Offstage the news director screamed, "What are you doing? We don't know that he's dead yet."
"Trust me on this one," Pepsie muttered.
Then CNN came on with their version of the footage.
It was merciful. The CNN camera crew, well behind Secret Service rope lines, caught only the shirtfront of an anonymous Secret Service agent as the limousine door opened. In another second the man who emerged from the limo would have stepped into clear sight. But he never did.
A shot rang out, and the agents whirled, forming a tight protective knot around the fallen man, 9 mm MAC-lls and 10 mm Delta Elite handguns coming up at the ready.
After that it was aboil in frantic officials. Someone yelled, "It's Dallas all over again!" and the Presidential motorcade sped away from the rushing cameras, grim-faced agents clinging to bumpers and sideboards.

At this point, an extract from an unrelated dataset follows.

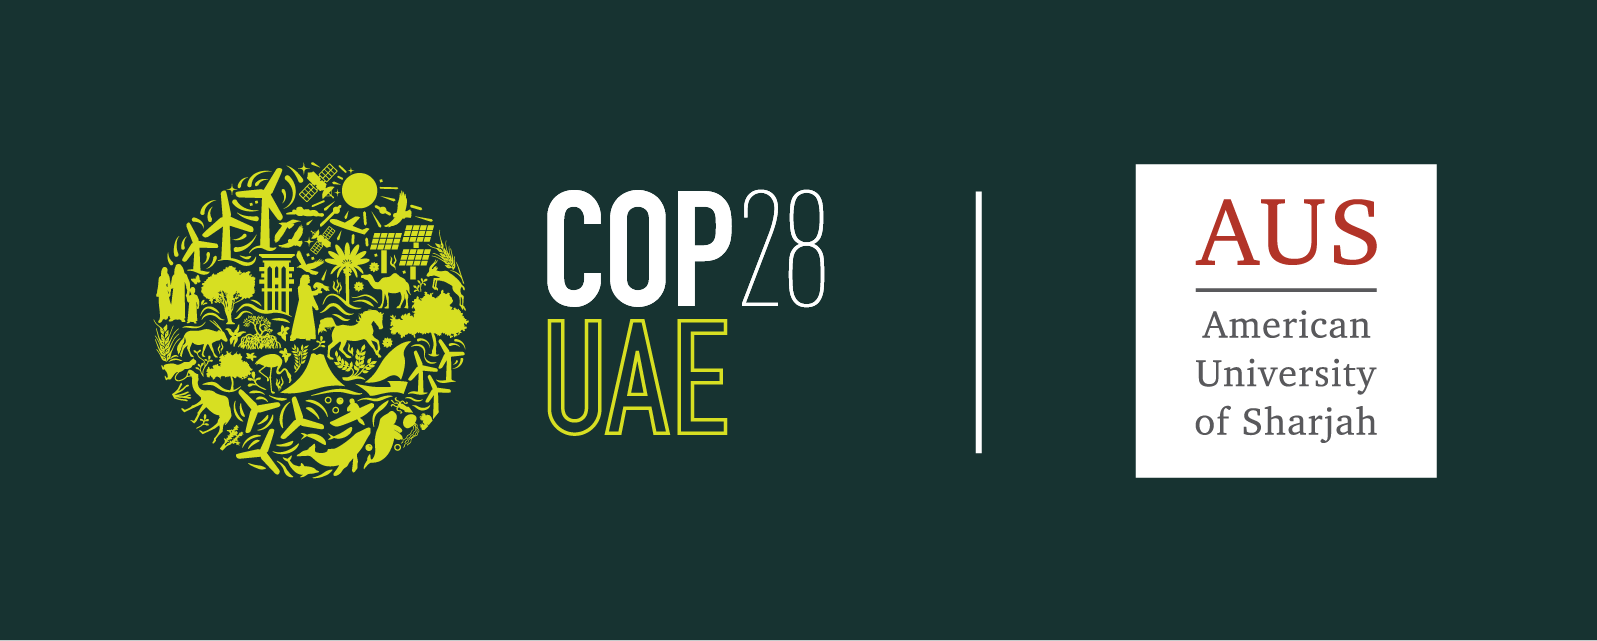 COP28_UAE-04

The camera found a pudding of blood and brains on the pavement and lingered on it for nearly a minute. Then other cameramen saw the stain and they quickly trampled it under their jostling feet.
America was spared the gruesome sight. But nothing spared them the horror. Their imaginations filled in the Technicolor details.
HAROLD W SMITH WAS oblivious to the first bulletin. It was ironic. Harold W Smith should have known about the Presidential assassination as it was breaking. At the very least.
In the best of all possible scenarios, Harold Smith should have seen it coming and been able to intercept the assassin. That, among other responsibilities, was Harold W. Smith's duty, as director of CURE, the supersecret government agency he headed.
As the first reports were breaking, Harold W Smith, incongruously attired in a gray three-piece business suit, was in a concrete vault in one corner of the basement of Folcroft Sanitarium, the cover installation that masked CURE operations. Smith was completing repairs to the great bank of IDC mainframes that constituted the nerve center of CURE's information-gathering arm.
CURE had been without its full Intelligence-gathering capability for three months now, ever since the awful morning when a combined IRS-DEA raid on Folcroft had forced Smith to erase the thirty years of data he had painstakingly compiled. And as the lasers were burning the deepest secrets of a fractious nation out of existence, Smith had taken the poison pill that would have erased him, too.